Tentatively, she moved closer, still clutching her elbows. When she was close, she peered down at the page. The word appeared before her tired eyes.
When
That was all. Nothing more.
Excitement pumped through her. She reached for the quill slowly hoping the book did not see her do it. Holding her breath, she picked up the pen and then inched closer to the desk. Standing behind the chair, she waited.
Two more words appeared.
the sky
Her gaze landed on the parchment next to the open book. She was desperate to sit and record the words. She pulled out the chair slowly, stepped around it, and perched on the edge. She wrote the three words when the sky and then sat back and waited.
The moment she jotted the words, they disappeared. The vines and thorns and brambles rearranged themselves and covered the letters. In place of the letters, a rose bloomed, the petals unfurling as though seeing the sunlight.
“Oh.”
The word slipped out between her lips on a murmur.

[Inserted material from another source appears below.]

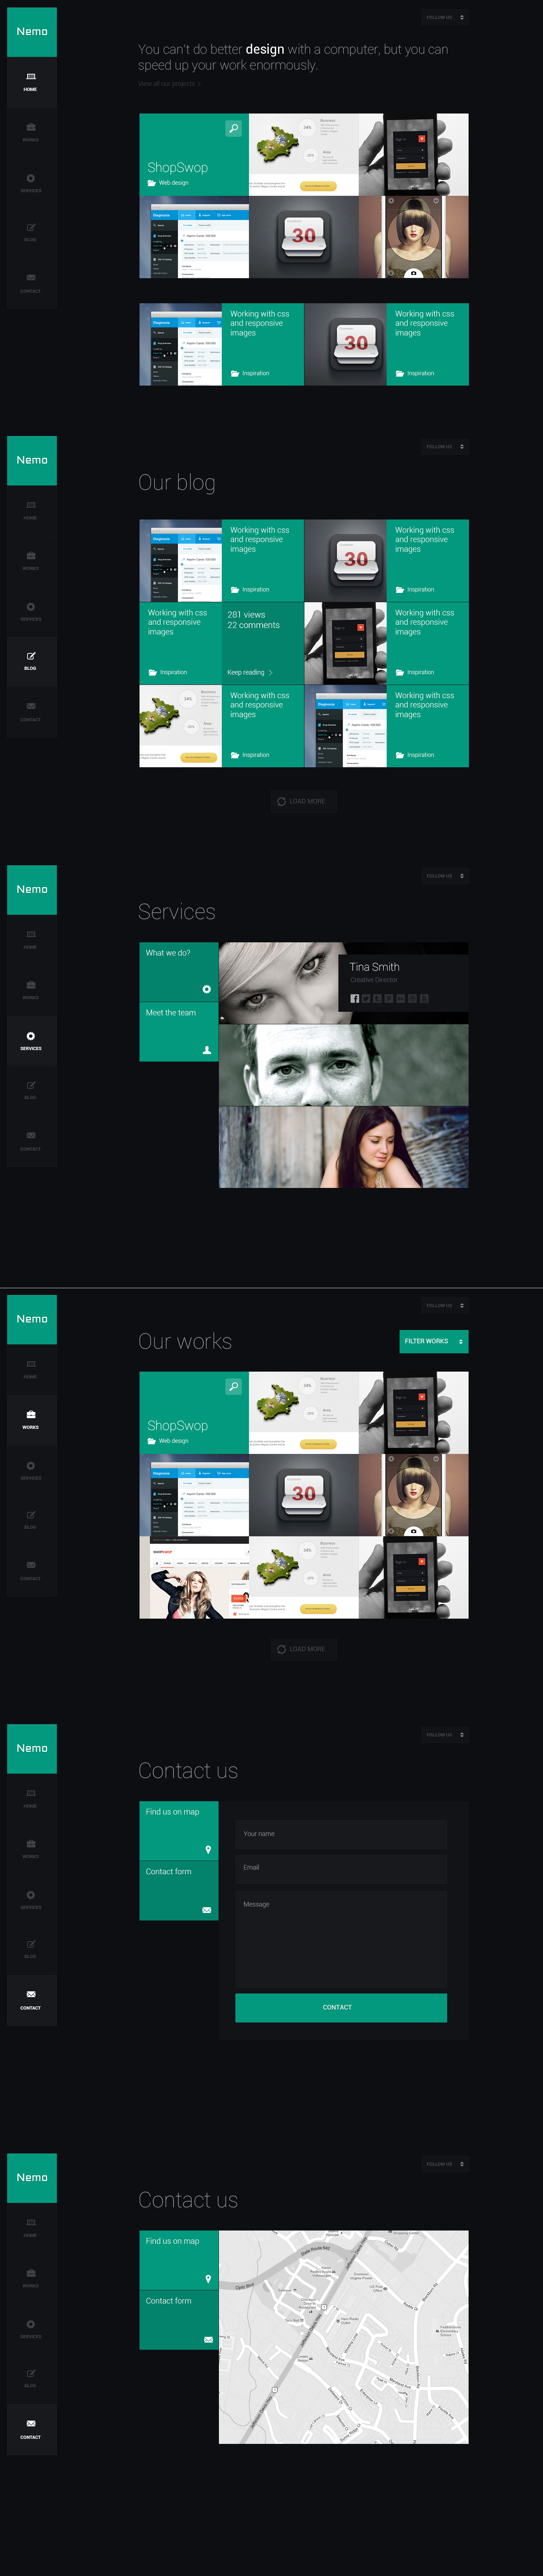 Grow Your World With Nemo Desktop Webdesign In 2020 Website Design Inspiration Layout Fun Website Design Web Design

She sat back in the chair and waited, gripping the quill so tight her fingers cramped.
Movement again on the page and this time, the vines revealed more words.
is blind and the stars
She sucked in a sharp breath and wrote the next line. As she finished, the pages changed. The roses bloomed.
Never in all her years of translating strange texts had she seen anything like this before. It was astounding.
Quickly, she dipped the tip of the quill in the ink and waited again.
Again, the same thing happened. The thorny vines wound around the odd shaped runes and then more words appeared. She wrote them in a hurry.
dare not shine
A breath hiccupped out of her as triumph flooded her. She made progress. Sitting back in the chair, she read the line altogether in a low voice.
“When the sky is blind and the stars dare not shine.”
What did it mean?
Outside her boarded window, the wolf howled.
“When the sky is blind…” she repeated, her mind racing.
She shot from the chair and prowled the small library, her heart drumming against her chest as excitement drummed through her. She thought she knew what it meant as she searched the shelves for a book that might tell her. Her father was always bringing home new and wonderful books about anything and everything. He loved all subjects and read voraciously.
When she found the one she wanted, she pulled it off the shelf and flipped it open, the musty scent of the ancient pages fluttering up to her nose. Then she saw it and halted, staring down at the page that was a drawing of the phases of the moon.
A blind sky. The new moon?
Stars dare not shine might indicate the total darkness of night that seemed to swallow the stars.
Was the new moon the key to breaking the curse? Or did it mean if the curse was not broken by the new moon, he would forever remain a beast?
She glanced at the cursed book. The book that played tricks and liked to hide the meaning behind cryptic messages that she was forced to unravel. She understood, now, how it worked. She understood how to reveal the hidden messages behind the brambles and thorns and vines.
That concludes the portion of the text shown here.